Ia cukup menyesali perbuatannya. Apabila penyesalan itu jujur, ia tidak akan
mengulanginya. Tetapi bagaimana dengan noda yang telah melekat pada
keluarganya? Pada isterinya yang setiap hari akan selalu membayanginya? Terdengar
Arya Teja menarik nafas. Dalam sekali, sedalam kepedihan yang menghunjam di
hatinya. Tetapi kali ini Arya Teja tidak dapat berbuat lain. Rara Wulan tidak
akan dapat dibiarkannya begitu saja. Meskipun jauh di dasar hatinya
kadang-kadang terbersit keinginan untuk membiarkan saja Rara Wulan itu mati,
namun kemanusiaan yang melapisi pandangan hidupnya tidak membenarkannya. Karena
itu betapa hatinya serasa seperti digores ujung senjata yang paling tajam,
diangkatnya juga Rara Wulan itu dan dipapahnya pulang ke rumah. Meskipun
demikian, di sepanjang jalan kadang-kadang timbul juga pertanyaan di dalam
hatinya,
“Kenapa aku
harus mengalami peristiwa ini? Dosa apakah yang pernah aku lakukan atau
dilakukan oleh keluargaku?”
Sebagai
manusia maka peristiwa itu benar-benar telah mengguncangkan keseimbangannya.

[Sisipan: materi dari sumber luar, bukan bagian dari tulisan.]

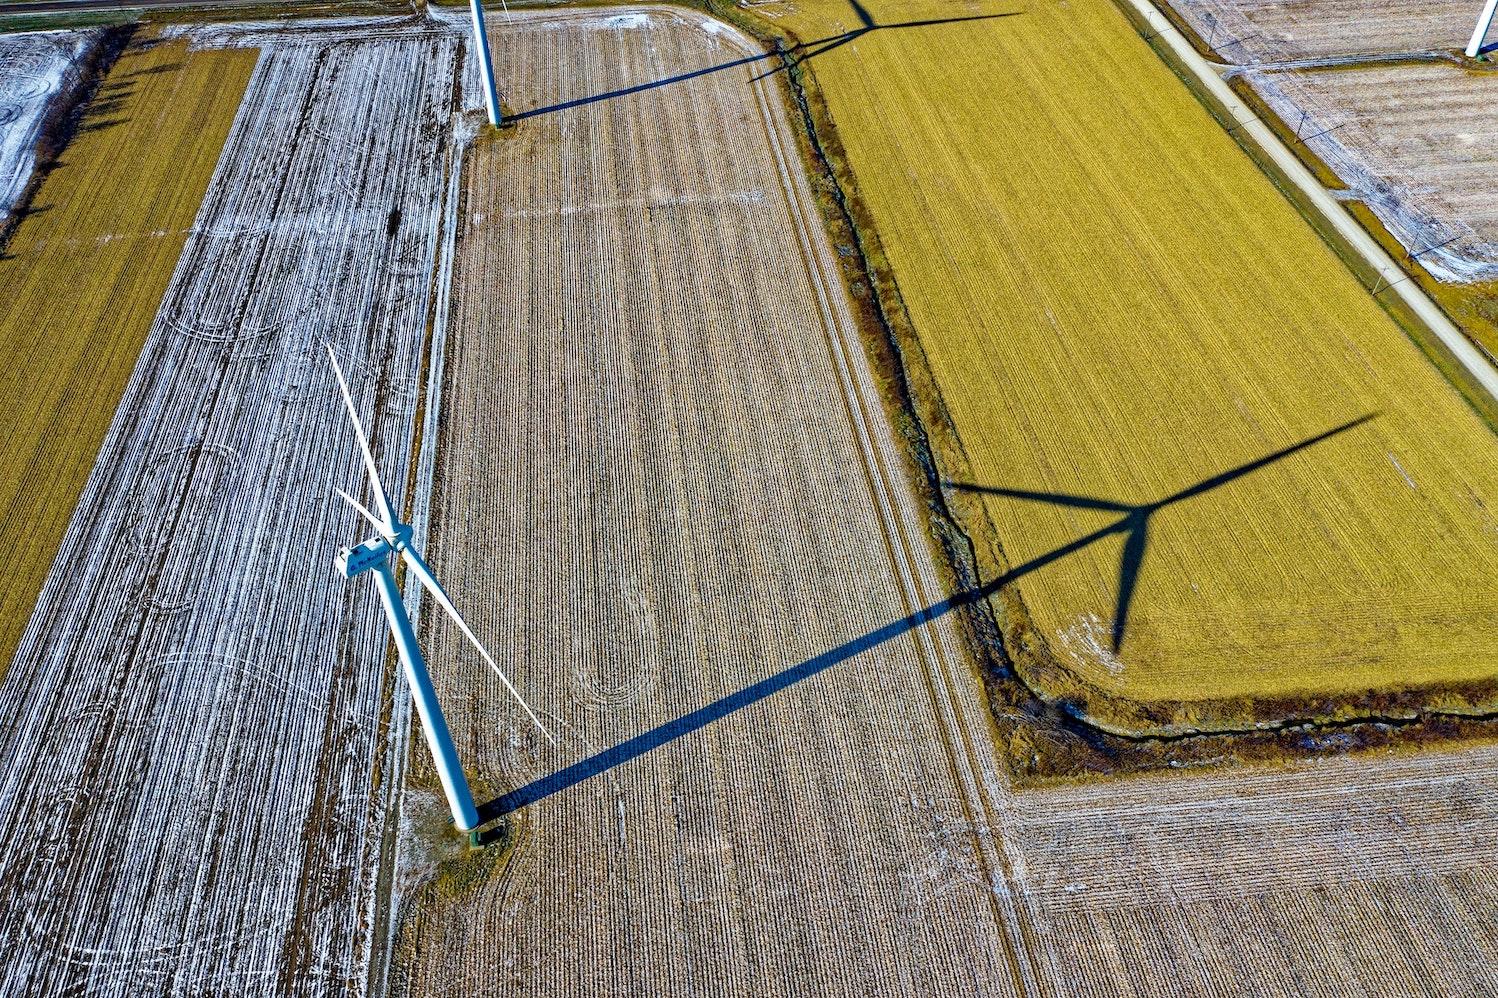 Aerial view of farms with wind turbines and a country road - engaging with suppliers on Scope 3

Pada saat-saat permulaan ia melangkahkan kakinya pada dunianya yang baru,
setelah ditinggalkannya dunianya yang lama, ia harus mewarnai dunia
kekeluargaannya itu dengan noda yang paling kotor. Dan ia tidak dapat
melepaskannya. Hari-hari berikutnya adalah hari-hari yang penuh dengan
penderitaan. Rara Wulan tidak dapat melepaskan dirinya dari perasaan bersalah.
Kadang-kadang masih meledak ungkapan-ungkapan penyesalannya yang tidak
terkendali, sehingga hampir-hampir ia berhasil membunuh dirinya. Tetapi bibi
Arya Teja dengan sabar selalu menasehatinya. Selalu memberinya
petunjuk-petunjuk.
“Tetapi aku
tidak akan dapat menahan penderitaan ini, Bibi,” berkata Rara Wulan pada suatu
saat.
“Kandunganku
selalu memberikan bayangan yang mengerikan. Kandungan yang selalu berada
bersamaku ini, selalu mengatakan kepadaku, bahwa aku adalah manusia yang paling
rendah di dunia. Aku mengharap, bahwa Kakang Arya Teja memberi aku hukuman yang
paling berat. Membunuh aku atau apa pun
yang diinginkannya. Tetapi dengan caranya, maka aku tidak akan dapat menanggungkannya.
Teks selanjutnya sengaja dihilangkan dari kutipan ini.